# Best Opera Singer Survey



## Seattleoperafan (Mar 24, 2013)

https://www.ranker.com/list/best-op...t?ref=collections&l=1448675&collectionId=1433
Many people seem to know only recent singers. Pity.


----------



## nina foresti (Mar 11, 2014)

I couldn't figure out how to vote.
Bummer.


----------



## ldiat (Jan 27, 2016)

i voted some too low like Fleming & Damrau


----------



## fliege (Nov 7, 2017)

nina foresti said:


> I couldn't figure out how to vote.
> Bummer.


You just click the up or down buttons. If you're in the EU you can't vote right now because of issues relating to the new privacy laws. But there's VPN for that sort of thing...


----------



## Seattleoperafan (Mar 24, 2013)

Ponselle and Flagstad are on there, but way down. At least Melchior and Caruso are there.


----------



## Sloe (May 9, 2014)

Seattleoperafan said:


> https://www.ranker.com/list/best-op...t?ref=collections&l=1448675&collectionId=1433
> Many people seem to know only recent singers. Pity.


Many people also seems to know only dead and retired singers.


----------



## Seattleoperafan (Mar 24, 2013)

Sloe said:


> Many people also seems to know only dead and retired singers.


The cheek of some people!!!!!!!!!!!!!!!!!!!!!!!!!!!!! LOL


----------



## Woodduck (Mar 17, 2014)

Sloe said:


> Many people also seems to know only dead and retired singers.


That's because some of us are dead and retired - or at least dead tired - ourselves.


----------



## Annied (Apr 27, 2017)

Can anyone recommend a good, free VPN? 

Alternatively, could someone who can access the page add Joseph Calleja on my behalf please.

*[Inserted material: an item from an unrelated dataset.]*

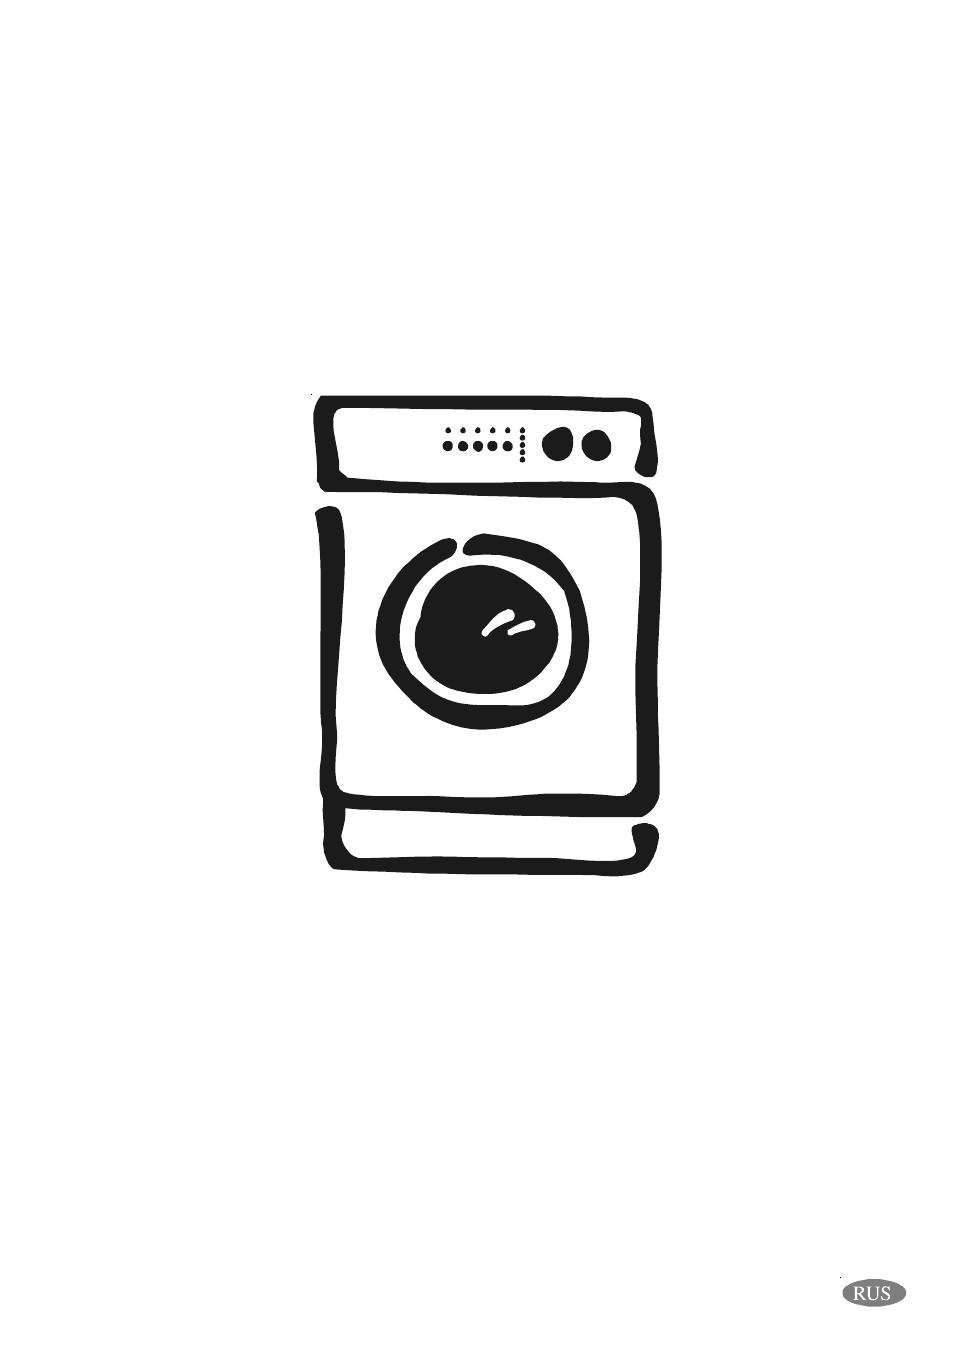 Electrolux Ewc 1350 инструкция - картинка 1

I can't believe he's not there!


----------



## Annied (Apr 27, 2017)

Thanks for the heads up on the VPN - you know who you are!

I've now added Joseph Calleja, but he's languishing at 170 with no votes. (It looks as though I can't vote for someone I've added myself.) Any chance a few discerning readers could at least hike him above Darius Campbell (154) and Rhydian (167), who aren't even opera singers!


----------



## DavidA (Dec 14, 2012)

Seems a ridiculous way of doing things. I mean, Gobbi at 41 and Vickers at 51. Speaks volumes. And the pianists? Chopin at 2 and Mozart at 20? We can't judge because we simply have no audible record as to how they played. And Oscar Peterson in with classical pianists? No disrespect to Jazz but it is an entirely different discipline. 
Wagnerians will be pleased to know The Ring is at 14 and Tristan at 16. And for us who believe Falstaff is Verdi's greatest opera that is at 37!
So pretty half baked list I guess.


----------



## SixFootScowl (Oct 17, 2011)

Seattleoperafan said:


> https://www.ranker.com/list/best-op...t?ref=collections&l=1448675&collectionId=1433
> Many people seem to know only recent singers. Pity.

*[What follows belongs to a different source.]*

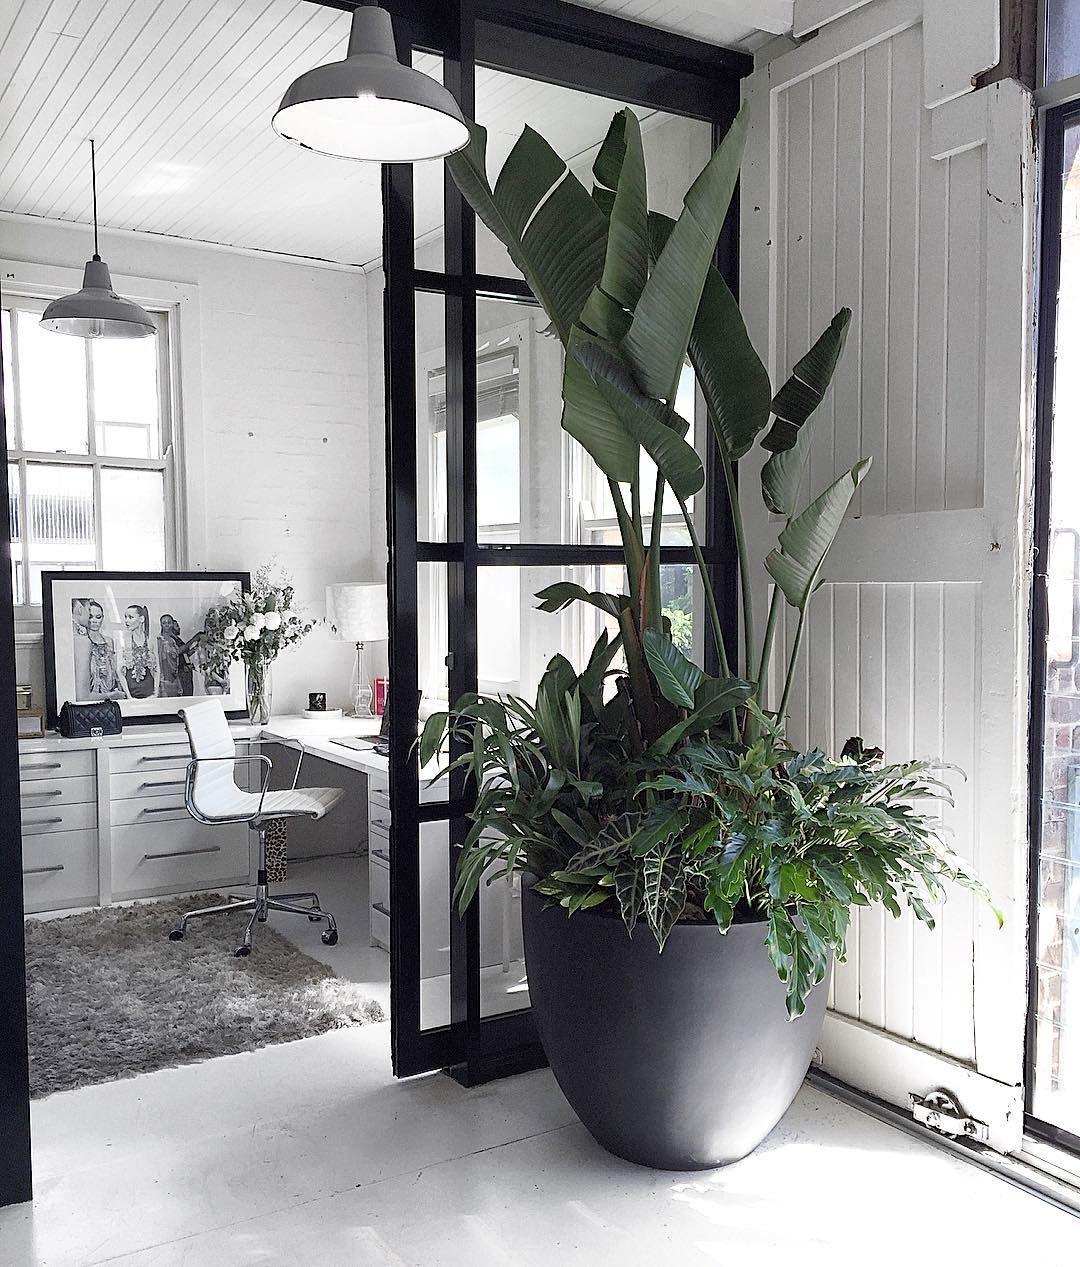 pin von ds print shop auf jewelry pinterest zimmerpflanzen pflanzenk bel und sitzecke. Black Bedroom Furniture Sets. Home Design Ideas

Most of the names are familiar, but I am far from having enough listening experience to vote.


----------



## Annied (Apr 27, 2017)

I think it's just meant to be a bit of fun. It's open to everyone whether they enjoy opera and are knowledgeable about it or not and that's inevitably going to be reflected in the results. ie the most well known names will be at the top simply because more people have heard of them. There's no definitive answer to who's the greatest ever anyway, because we're all looking for different things in a voice. I infinitely prefer Calleja to Kaufmann, but I'm sure there are plenty of members here who would say it's the other way around for them. But I've rather enjoyed ticking the agree boxes for my particular favourites and the disagree box for the performers with whom I struggle.


----------



## SixFootScowl (Oct 17, 2011)

Annied said:


> I think it's just meant to be a bit of fun. It's open to everyone whether they enjoy opera and are knowledgeable about it or not and that's inevitably going to be reflected in the results. ie the most well known names will be at the top simply because more people have heard of them. There's no definitive answer to who's the greatest ever anyway, because we're all looking for different things in a voice. I infinitely prefer Calleja to Kaufmann, but I'm sure there are plenty of members here who would say it's the other way around for them. But I've rather enjoyed ticking the agree boxes for my particular favourites and the disagree box for the performers with whom I struggle.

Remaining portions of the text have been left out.